Reputation: 2853
For a given pandas dataframe like the following,
h1 h2 h3
mn a 1
mn b 1
rs b 1
pq a 1
we c 1
if I use the filtering with isin()
, say df[df["h2"].isin(["a","b"])]["h1"].unique()
, it would result in the following:
h1
mn
rs
pq
Instead of the behavior that matches with any element of the list, I need to find entries that matches all of the elements in the list, i.e. the desired output should be:
h1
mn
How exactly can this be achieved? The number of elements in the list inside isin()

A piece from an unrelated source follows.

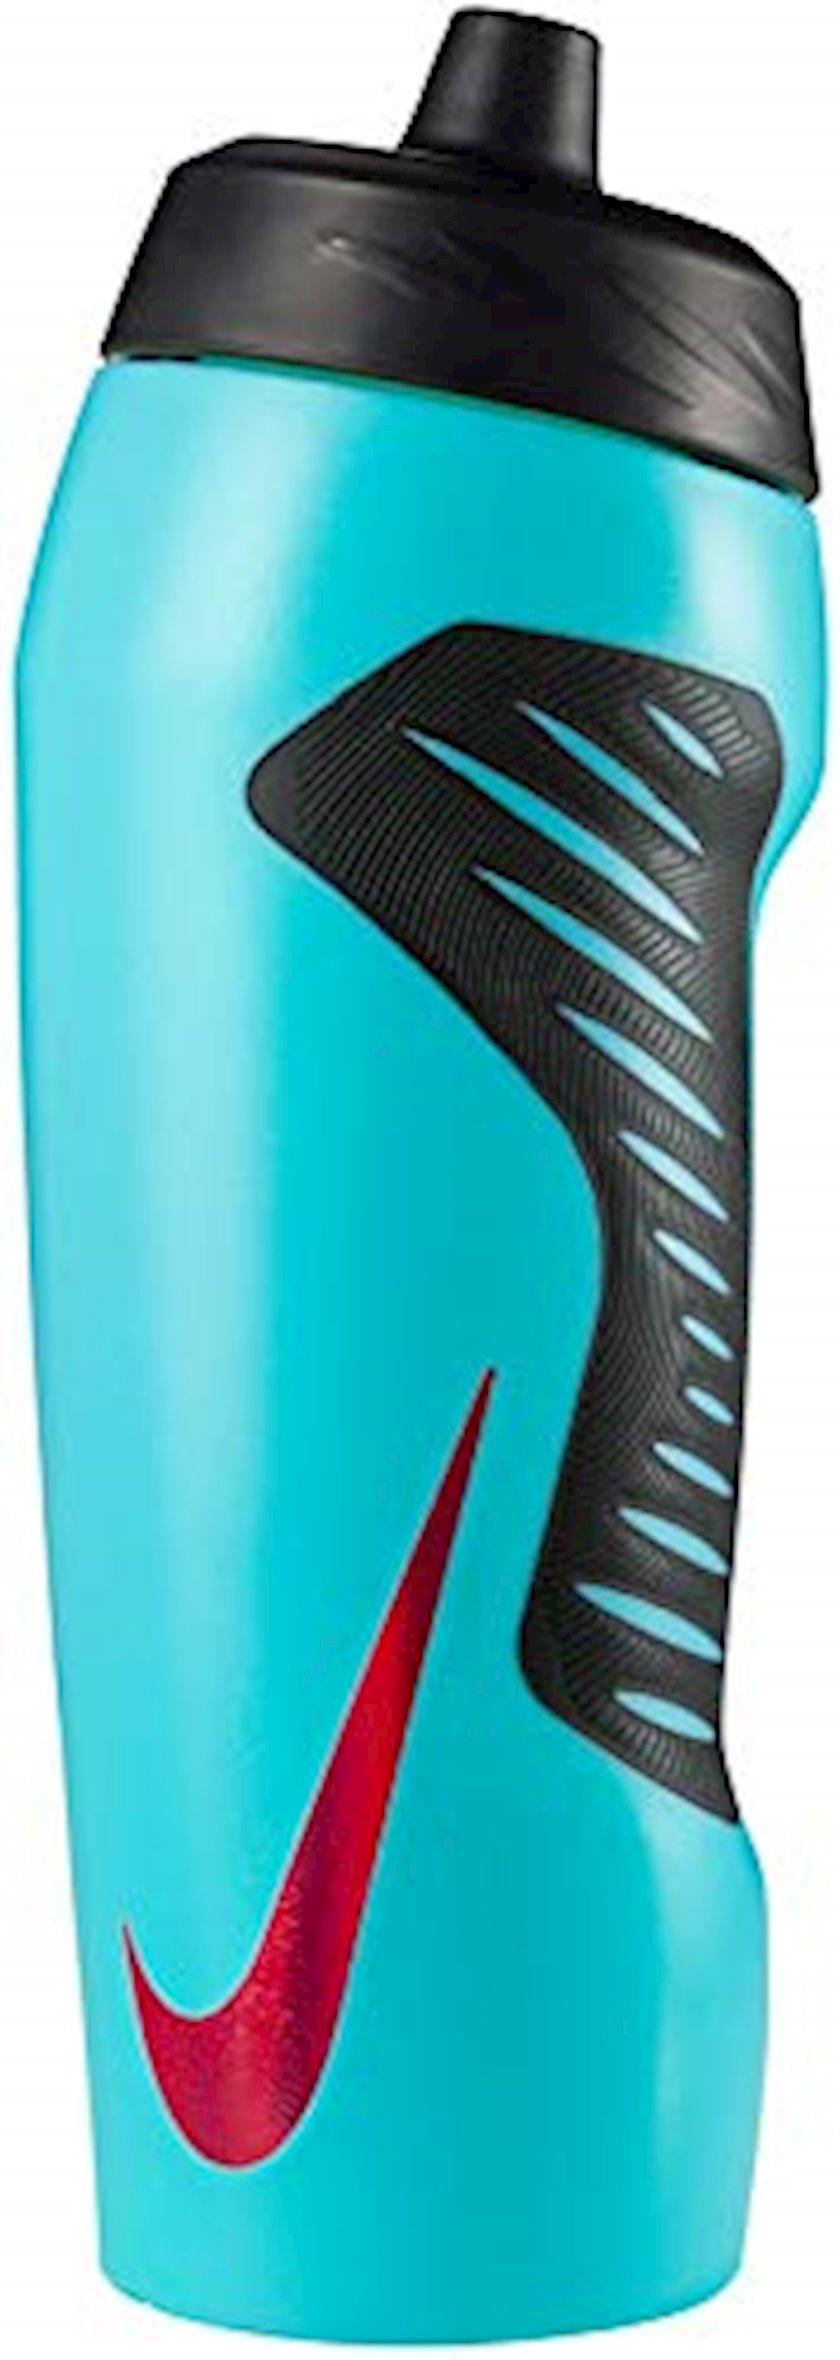 Butulka Nike Hyperfuel Water Bottle, 532 ml, Mavi
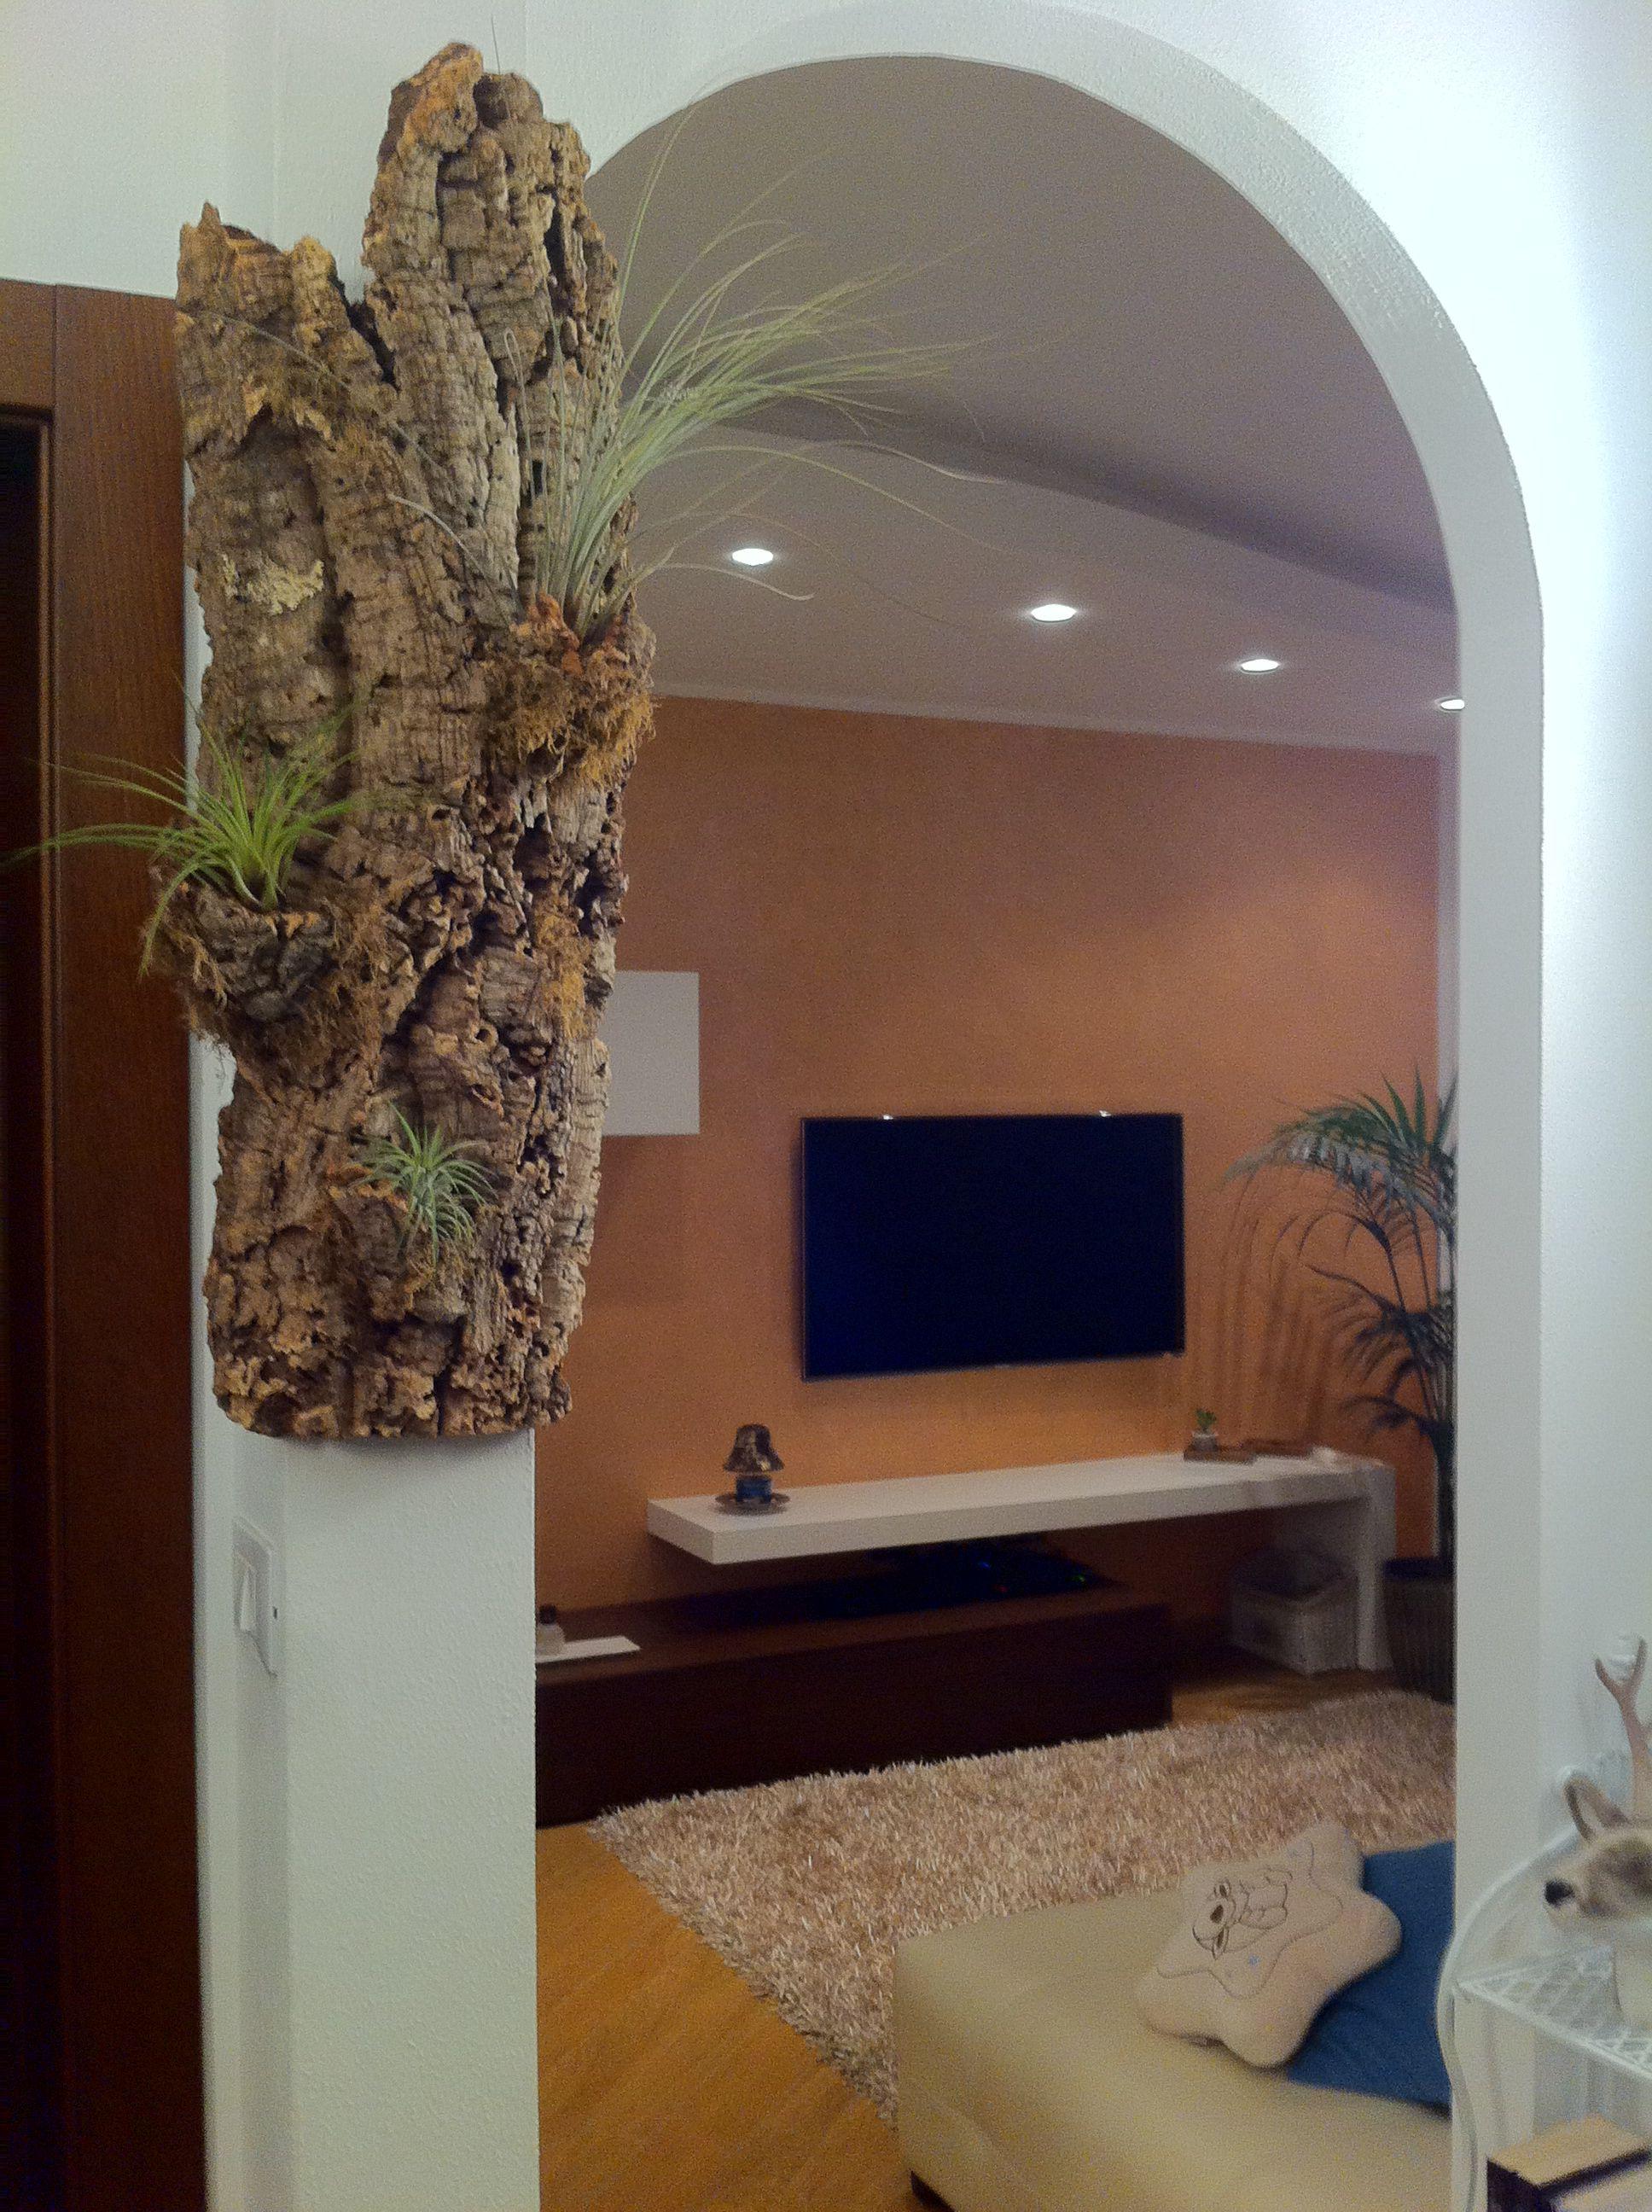 Home decor - Air plant - DIY

is arbitrary, and can be more than 2.
Upvotes: 1
Views: 495
Reputation: 30920
Use groupby.filter
with np.isin
:
new_df = df.groupby('h1').filter(lambda x: np.isin(['a','b'],x['h2']).all())
print(new_df)
h1 h2 h3
0 mn a 1
1 mn b 1
s = df.groupby('h1')['h2'].apply(lambda x: np.isin(['a','b'],x).all())
s.index[s]
#Index(['mn'], dtype='object', name='h1')
Upvotes: 3
Reputation: 862611
You can use issubset
with set
per groups for mask:
s = df.groupby('h1')['h2'].apply(lambda x: set(["a","b"]).issubset(x))
print (s)
h1
mn True
pq False
rs False
we False
Name: h2, dtype: bool
And then filter index values:
vals = s.index[s]
print (vals)
Index(['mn'], dtype='object', name='h1')
Upvotes: 4